Me corona un virus

Silencioso invade todo el espacio. La muerte acecha desde la oscuridad. Hay hambre en el penal y riesgo en cada superficie, en cada paso que se da, en cada bocanada de aire que cada vez se hace más corta. Brota un virus lleno de vida y pegajoso, no sabemos donde se aloja ni por que viene. Insecto invisible brinca de todos los lugares tratando de encontrar un huésped donde descargar toda su ira; donde escupir su odio y disfrutar de la tortura lenta. Ronda en espiral complacido del espectáculo de ahogamiento, gritos de auxilio, desaliento y desespero de toda la ralea vanidosa en una civilización decadente.

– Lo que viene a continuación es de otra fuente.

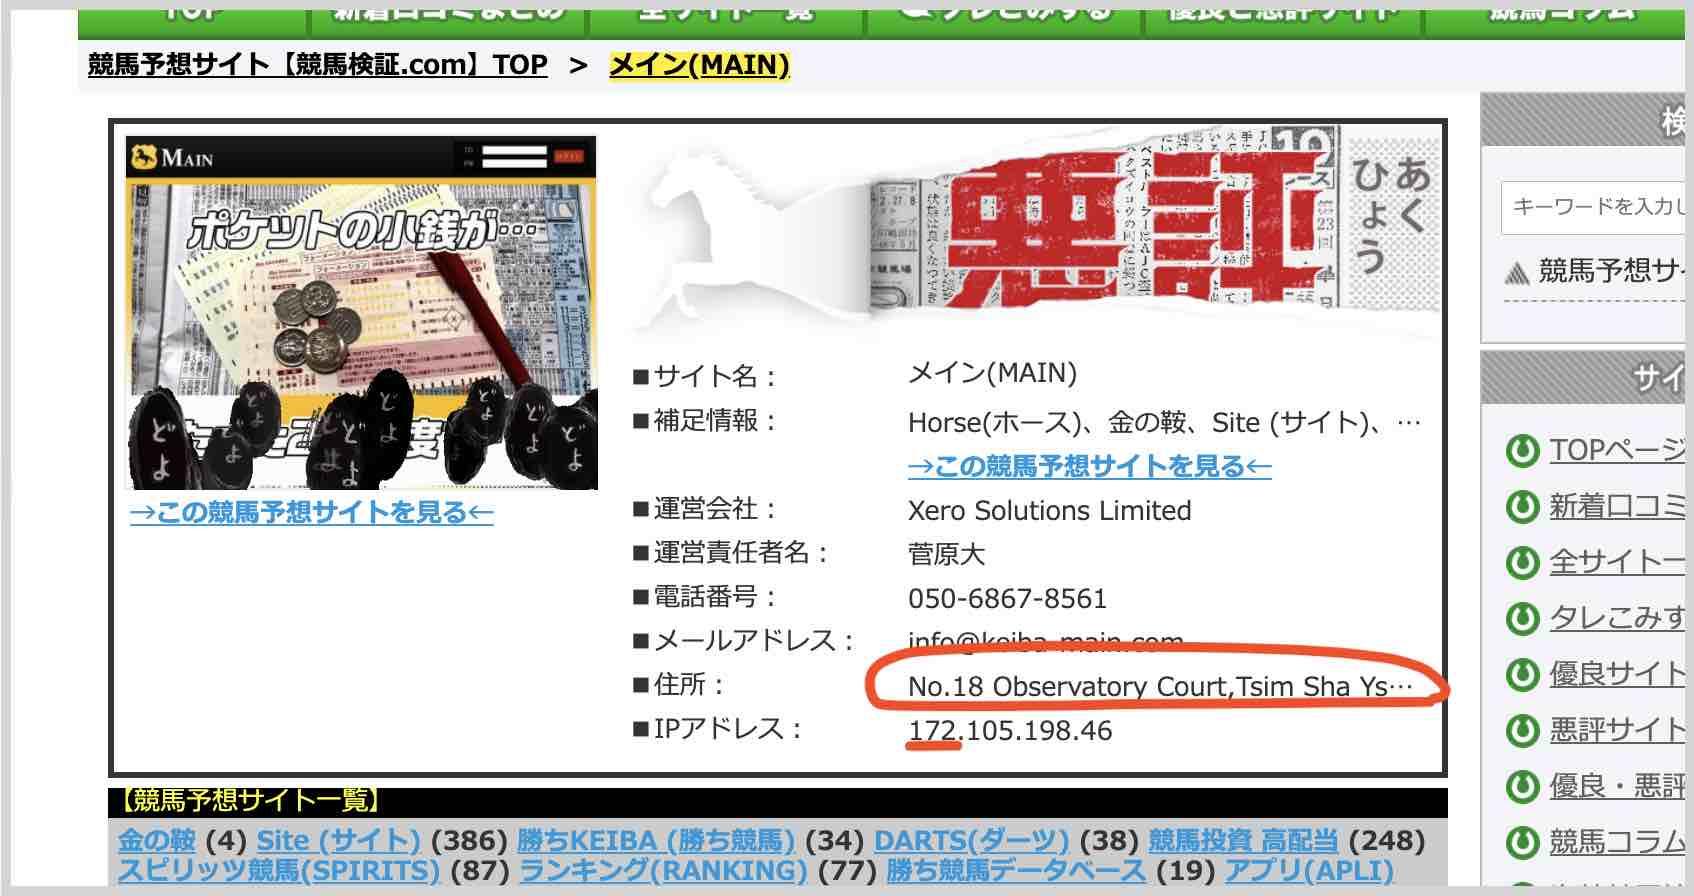 STATION(ステーション)という競馬予想サイトのグループサイト、メインも香港にある?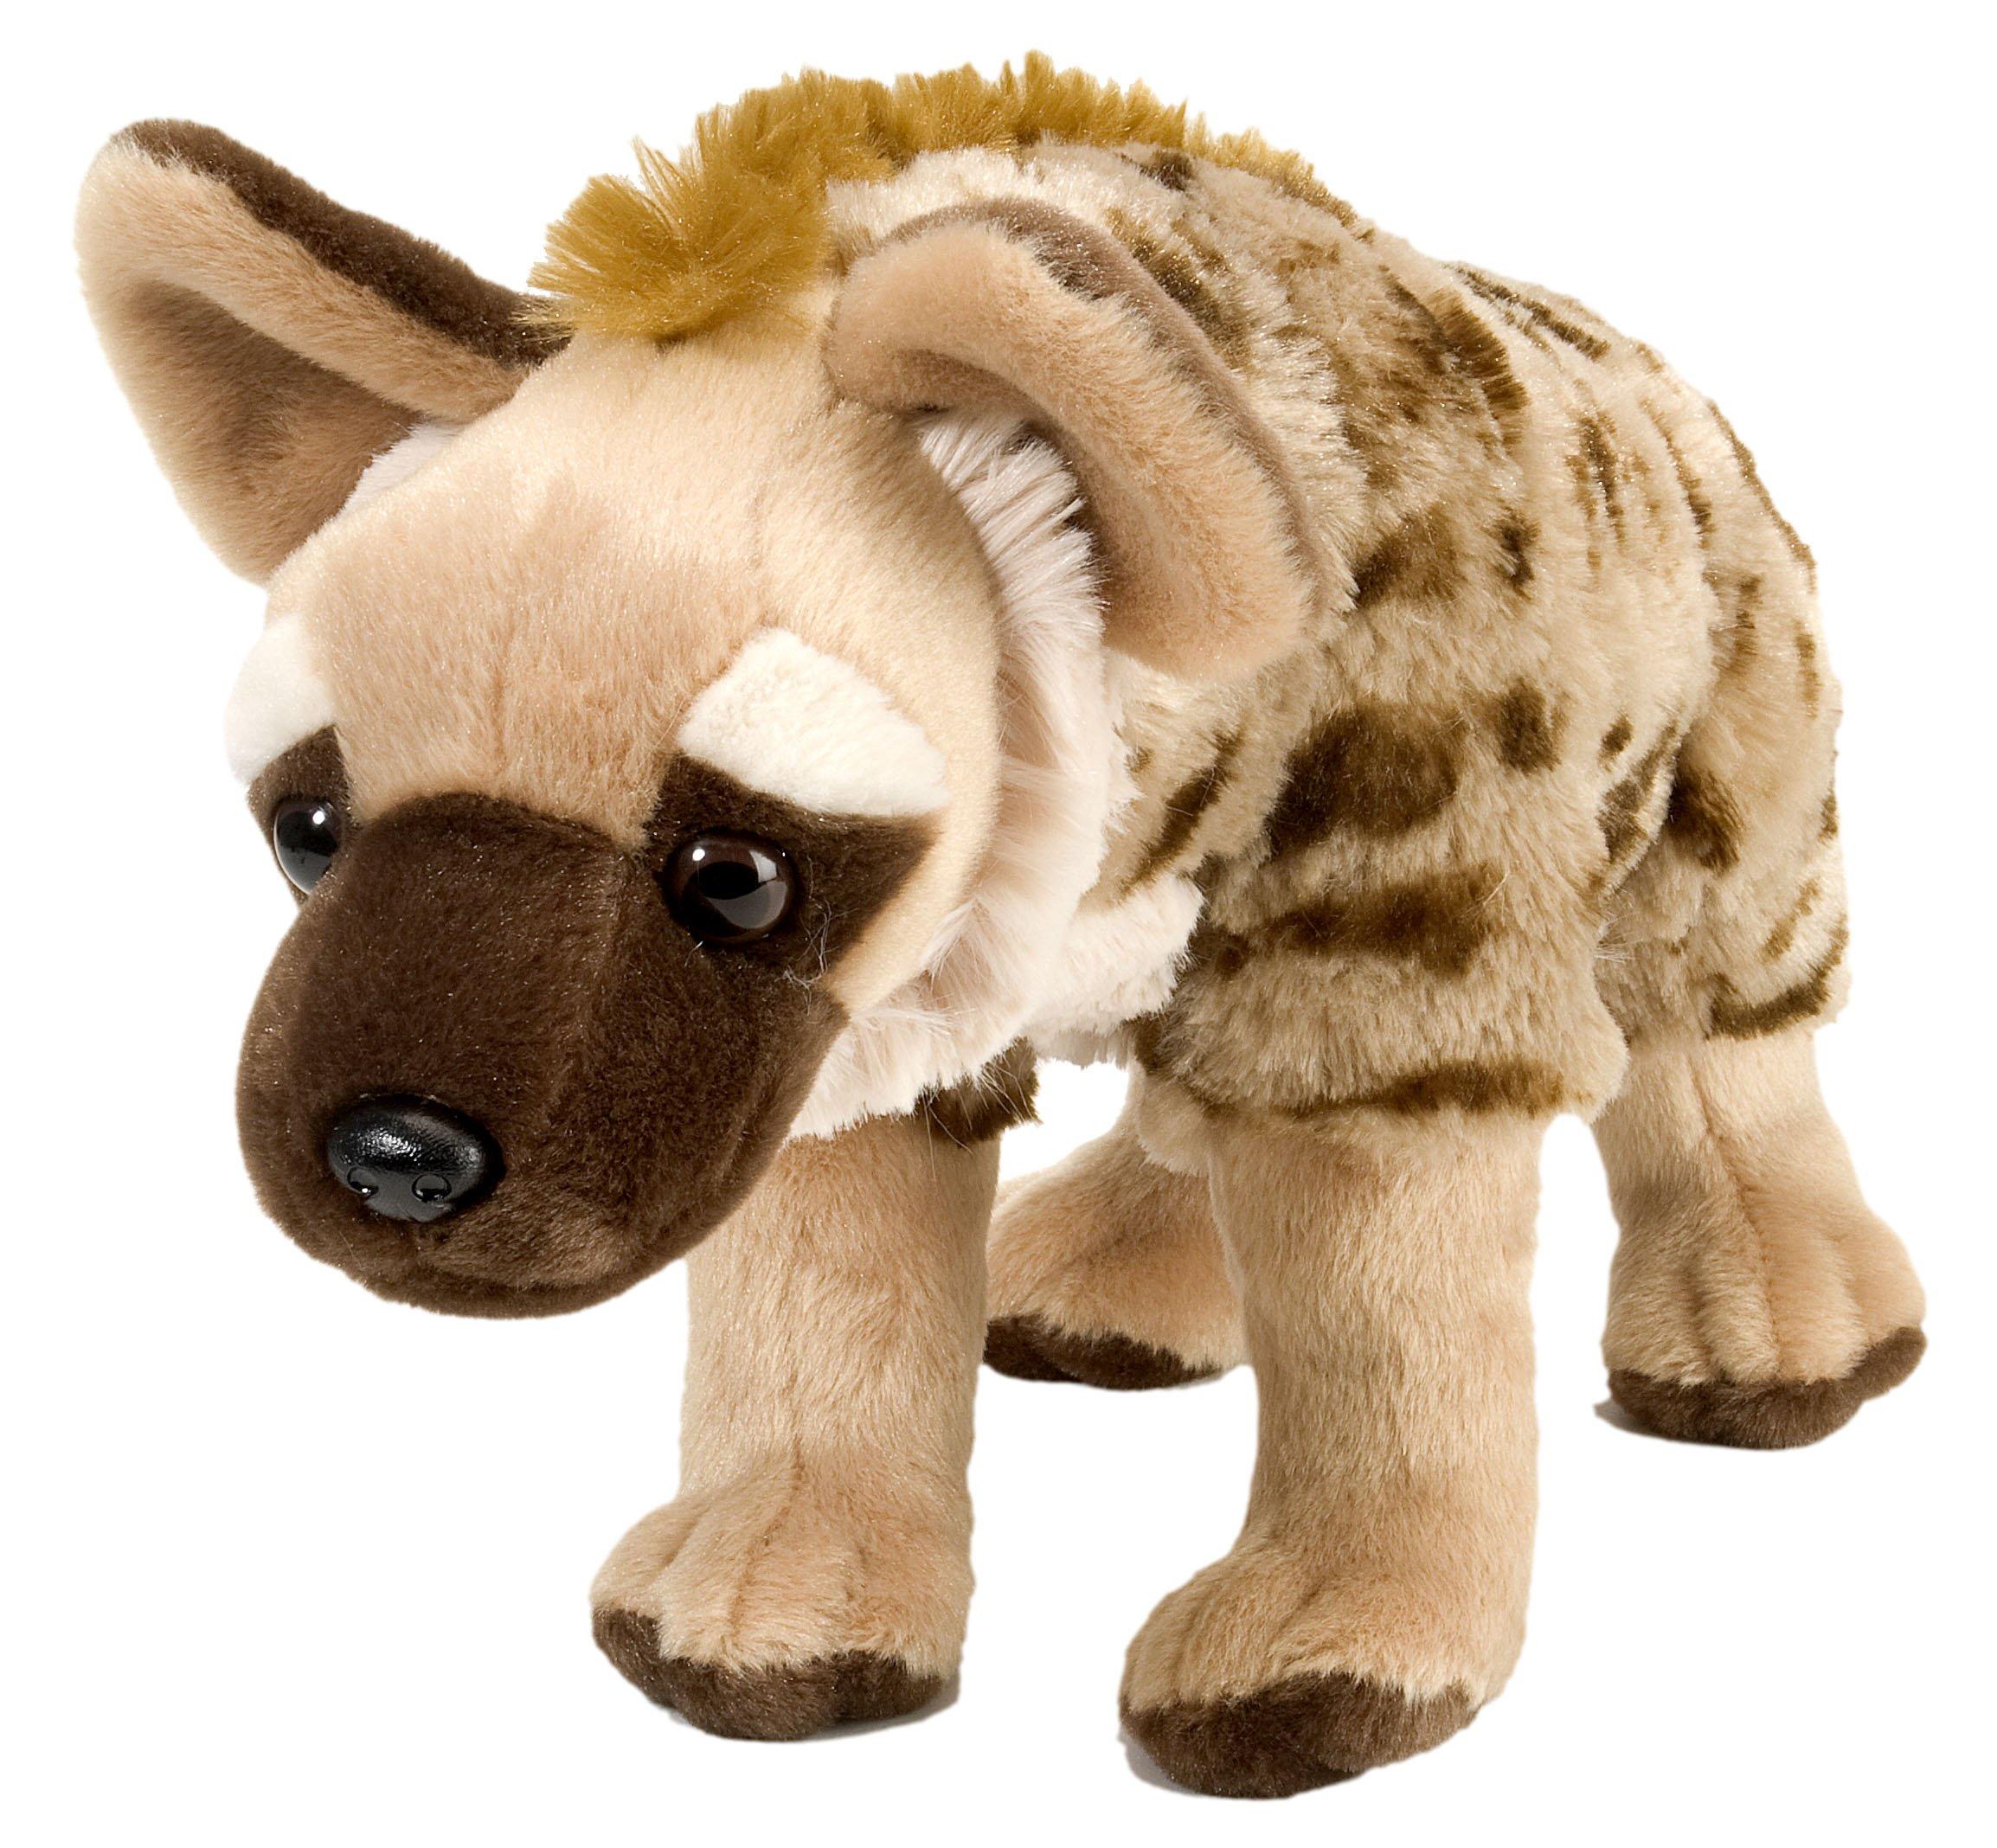 "Wild Republic Hyena Stuffed Animal, Plush Toy, Gifts for Kids, Cuddlekins 12"", Multicolor (12240)"

Son unos pizcos llenos de vida que emergen de espacios insospechados con sus extensiones de cabezas como tele bolitos. Presiento que me tienen unas ganas enfermas. Hago el quite a diario como quijote, pero es imposible no pagar mis deudas morales con la sociedad. Me atacan como hormigas trabajadoras, aparecen en mis sueños, a la hora de comer, a cualquier intento de tacto, falla mi gusto y mi olfato; La fiera me sigue sin que yo la vea ni huela.

Han cruzado los sueños y fantasías los malditos; me veo peleando con una espada al vacío, gritando blasfemias a la nada solo en un confinamiento exasperante. Mientras tanto ellos incesantes recrean imágenes de terror vívidas. Ya no son claras las líneas entre la realidad y la imaginación y menos entre el sueño y la vigilia. Puede ser un efecto del encierro o la lucha constante con ese tele bolito omnipotente, omnipresente < ininteligible. Su sagacidad ha logrado atraparme finalmente y no tengo la más remota idea cuando fue ni cómo. Será una duda eterna, si fui víctima o victimario. Termina así mi vida en un pabellón de hospital pobre, en sus corredores adaptados para los moribundos con un hedor a sonda usada. Comparto una bolsa de Cafam adaptada como respirador artificial, con un viejo de tez amarillenta que se quita la caja de dientes cada vez que le paso la bolsa respiradora. Recupera un poco de vida y acto seguido la devuelve para ponerse la caja de nuevo; sonríe a la desgracia con altura.

Puedo percibir su aliento a encierro psiquiátrico. El hacinamiento nos abraza con su pestilencia, lo más cercano a lo humano que queda. Morimos lentamente y compartimos un soplo de vida en esa bolsa tibia. Un drama con muertos recostados sobre nosotros, y lo único que nos queda en la vida es el uno y el otro, aunque no hablemos el mismo idioma. Hemos visto morir de tos a todos nuestros familiares. Ahogados en una tos seca que quema sus cuerpos por dentro, los deshace de a pocos, pulveriza sus órganos a cada ataque respiratorio por la neumonía. Amarillento es el viejo, asquerosa su caja y su aliento, pero es todo lo que queda de vida en medio de cadáveres que se amontonan con descaro a nuestro alrededor en ese callejón de hospital de beneficencia cuyas luces funcionan con intermitencia. Despierto alterado entre sudor frio; en la tele dan la cifra actualizada de contagios. La curva en ascenso imparable.